Got it. And do those -- now that your strengths like some rentals that are non-core, what do those sales, yields look like in comparison to the yields at which you buy? Or get down to…
Pretty good, generally we have seen positive HPI as it normally varies. So we’re getting pretty good yield from these sales.
Okay. And then anything on the balance sheet as you guys move ahead are now have largely completed the cleanup in terms of either moving away from repurchase agreements and some of these other types of debt to maybe just more I don’t know term loans or securitizations like how do you think about just the balance sheet any opportunities there?
Yes, we are definitely looking to continue to term out our funding duration. So we are looking at existing debt and as things come up for refi how we deal with that. But definitely the plan is to continue to term out debt and new acquisitions obviously we’ll be looking for longer term debt as well.
And then secondly, as I said in my prepared remarks we are also looking to hedge our long-term interest rate exposure, against potential rate increases. So as I said 65% is already fixed or cap rate now, which is a big increase over last quarter, but we think there is more to do there. So we’ll be looking at improving that as well, as we go forward.

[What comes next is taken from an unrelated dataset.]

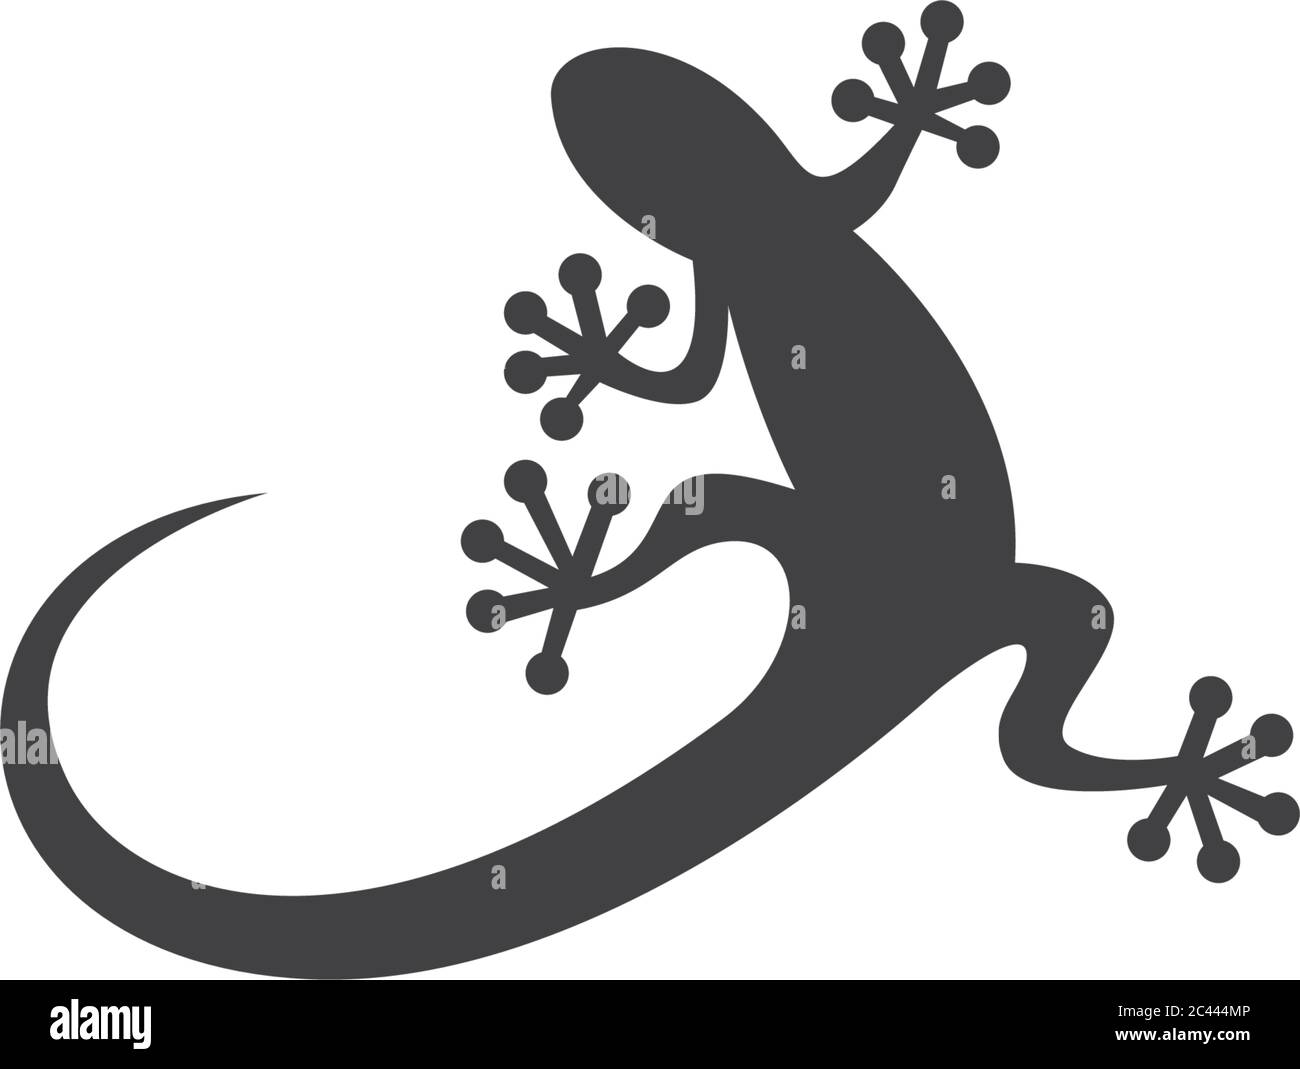 Lizard logo template vector  icon illustration design Stock Vector

Okay. And then last question, on the idea of internalizing property management perhaps at some point in the future, like is there a piece of the operations that you just feel like you would benefit in those from gaining control, whether it’s R&M or just the leasing process or is there a key to that that you just feel like you’d rather control?

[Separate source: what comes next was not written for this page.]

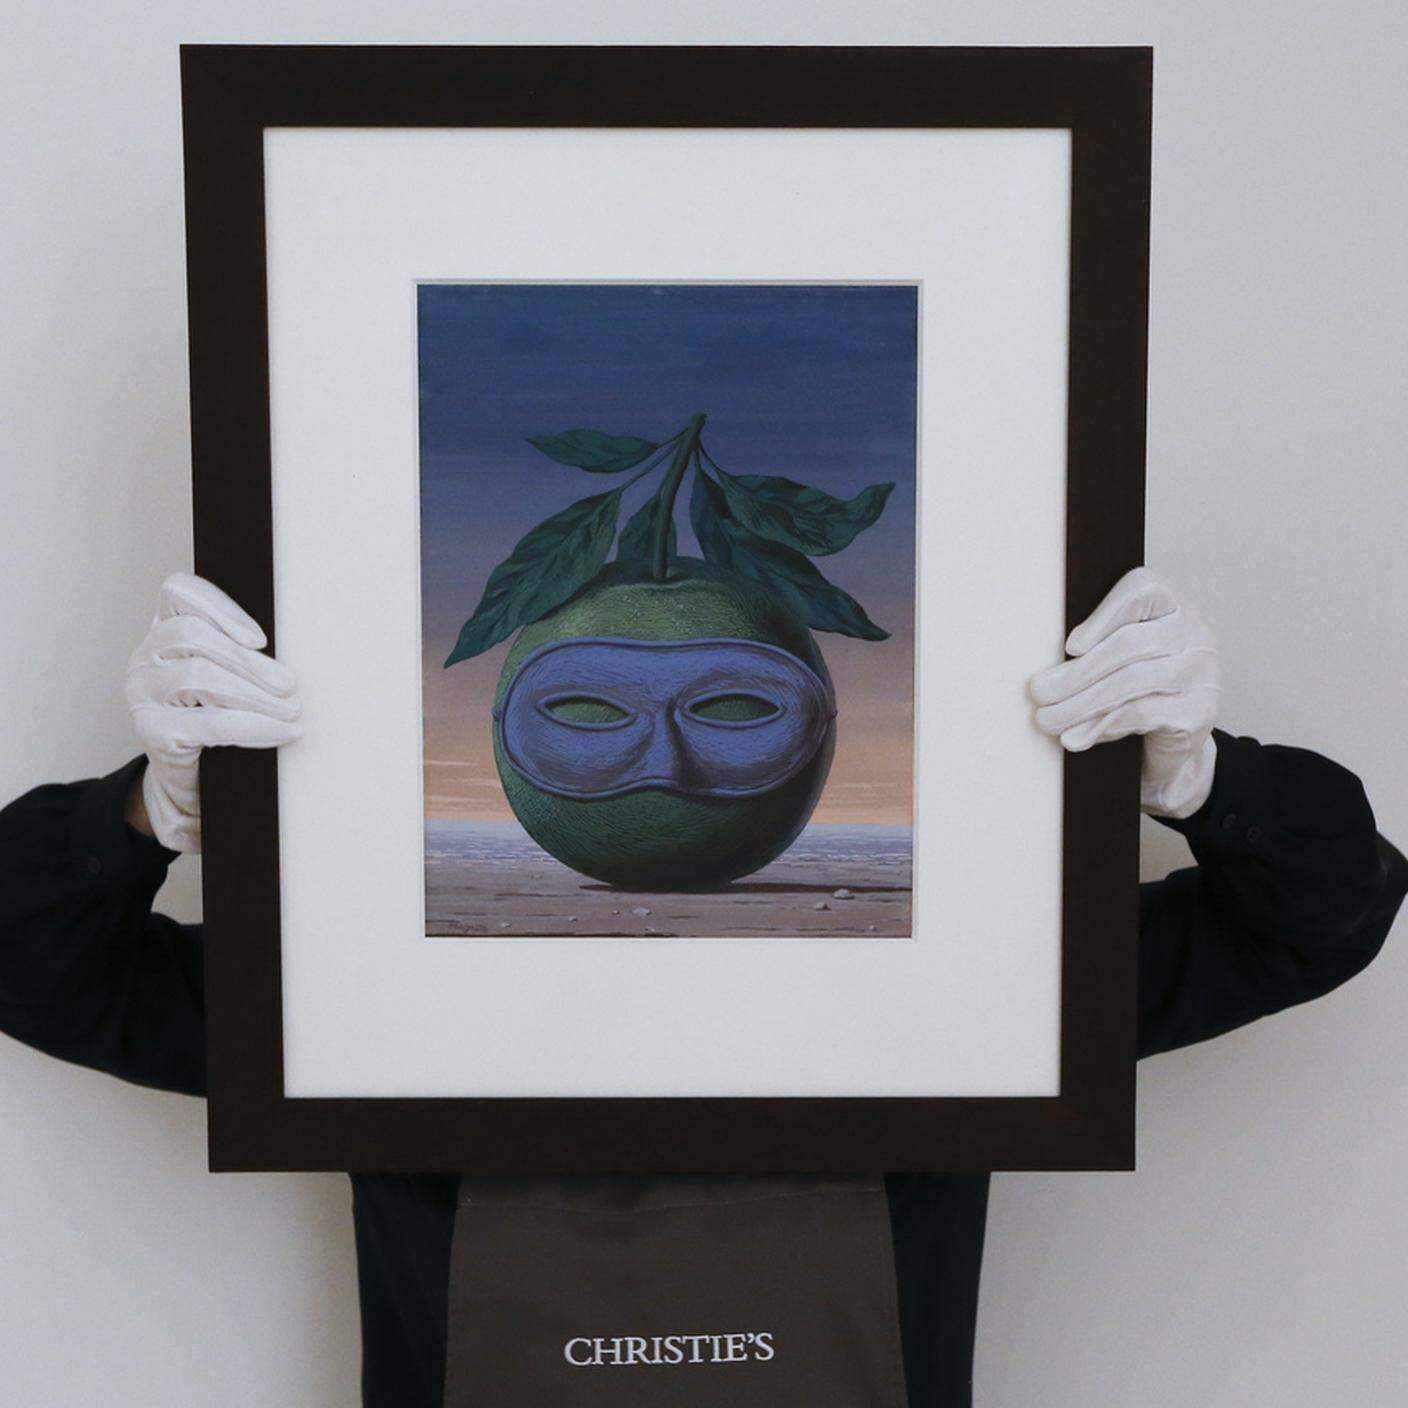 Rene Magritte, "Souvenir de voyage"

The R&M is clearly high on that list, but it's a as I said, both of those guys are doing a great job. We just believe that at some time you need to have your own folks who answer directly to your management team to get the absolute best price I'm not saying those guys don't. But I just believe if as we get bigger we'd like to have, I'd like to have more control over the R&M process. But you bring up other issues. Setting rent is only one key revenue to this business Tony, as you know.

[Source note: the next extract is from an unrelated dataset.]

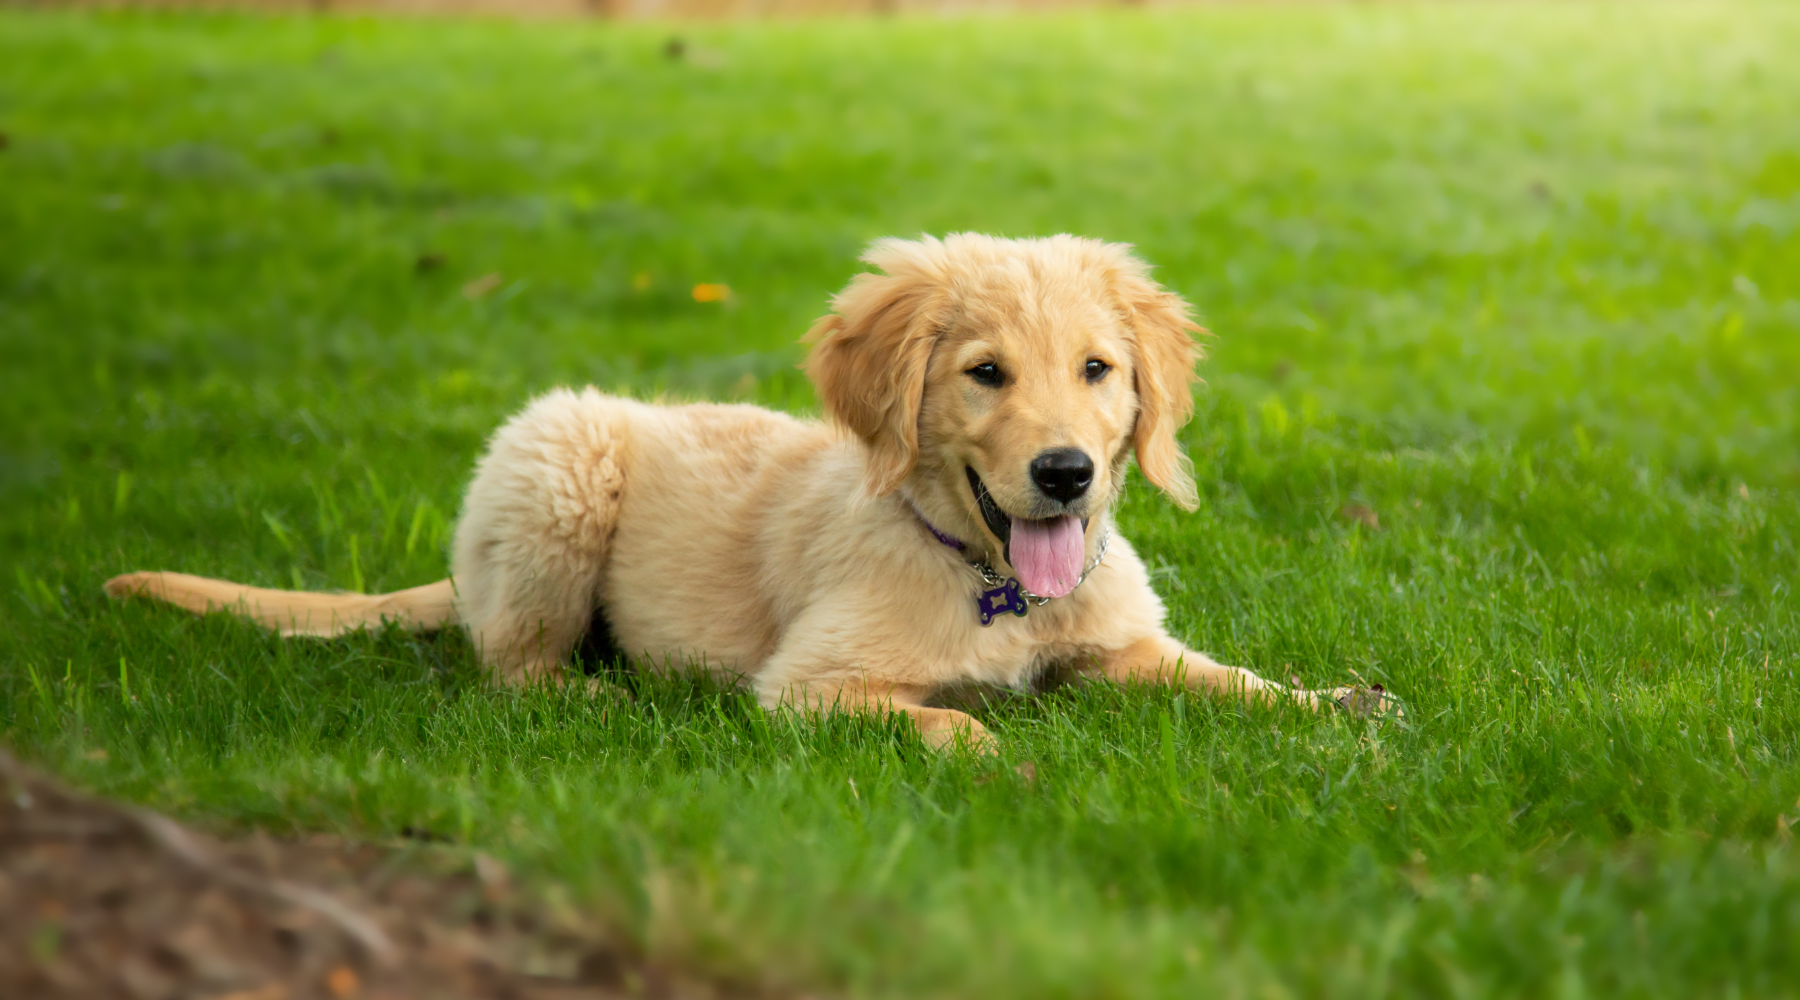 Golden Retriever puppy lying on grass

There are some ancillary things you can charge, but it's really rent until the science of controlling rent is really extremely technical requires a lot of IT and having other people do it for you even watching them I believe, I mean, most of my team would agree. And we would just like to have more control over it. And you have to as I said on the last call answer to what we believe is an important ratio because the external management, the G&A of the whole thing whether it's external or internal divided by assets have to line up with other people and other REITs.
And so you have to squeeze every last penny out of this thing and we could be wrong, but I believe that if we pulled it internal and you align incentives properly I think you can squeeze a lot of money on R&M, I think you can set rents more, you can optimize rents better and I think we’d just rather have control over.
Got it, thank you.
And I'm showing no further questions at this time. I would now like to turn the call back over to management for closing remarks.
Thank you everyone for joining the call. And have a great day. Thank you.
Ladies and gentlemen, that concludes today's conference. Thank you for your participation and have a wonderful day.